International Registry Retrospective Analyses on Purging With
Cyclophosphamide Derivatives
Several retrospective analyses on purging have been
performed.85,92 The most important one involved 59 European
teams that had reported 919 autografts for consolidation of AML up to
December 31, 1989. Marrow was purged with mafosfamide in 269 patients. The outcome posttransplant was correlated to the initial response to CR
induction: inital rapid responders had a better leukemia-free survival
(53% v 42%) and lower relapse incidence (46% v 57%)

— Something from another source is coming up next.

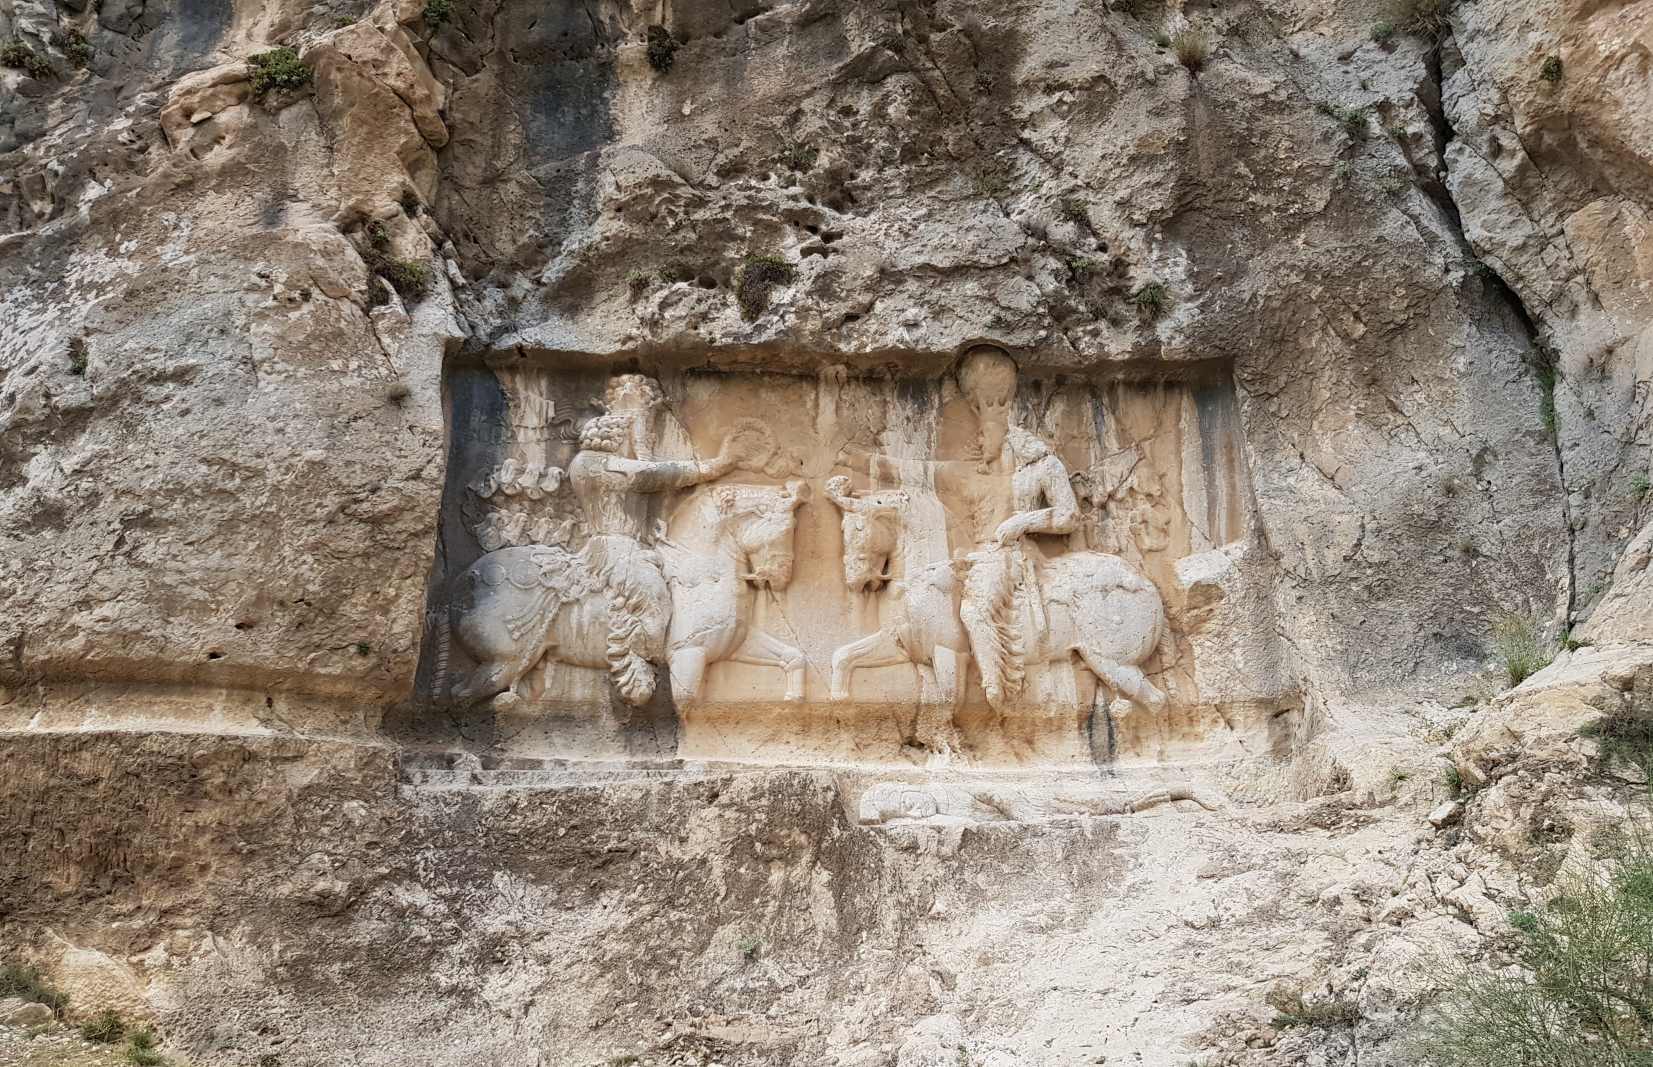 Ένα αρχαίο ανάγλυφο σκάλισμα που απεικονίζει τη νίκη του βασιλιά των Σασανίων Shapur I επί του Ρωμαίου αυτοκράτορα Valerian τον περ. 260 Κ.Χ. Αυτό το ανάγλυφο του Shapur βρίσκεται στο Bishapur. Οκτώ αρχαιολογικοί χώροι που απαρτίζουν το σύνολο κατανέμονται σε τρεις γεωγραφικές περιοχές: Φιρουζαμπάντ, Σαρβεστάν και Νταράμπ, στην επαρχία Φαρς.

than did slow responders. Multivariate analysis in several populations showed significantly the efficacy of marrow purging in AML in CR1. In
patients autografted after TBI, the relapse incidence with purged
marrow was 29% versus 50% and 16% versus 60% when considering only
those autografted within 6 months of CR. In slow responders, the
results were 20% versus 61%, significantly in favor of purging,
whereas the relapse incidence were similar in rapid responders. The
relapse patterns were different in that the plateau for persisting
remission started at 23 months with purged marrow and at 32 months with
unpurged marrow. In CR2, marrow purging was also associated with a
better leukemia-free survival in patients receiving TBI, but the
relapse incidence was not significantly different. It was concluded
that purging was most likely to bring benefit to a specific category of
patients, ie, those transplanted early (Fig
2) and slow responders, in whom the probability that leukemic cells
might still persist in the graft at time of collection was higher.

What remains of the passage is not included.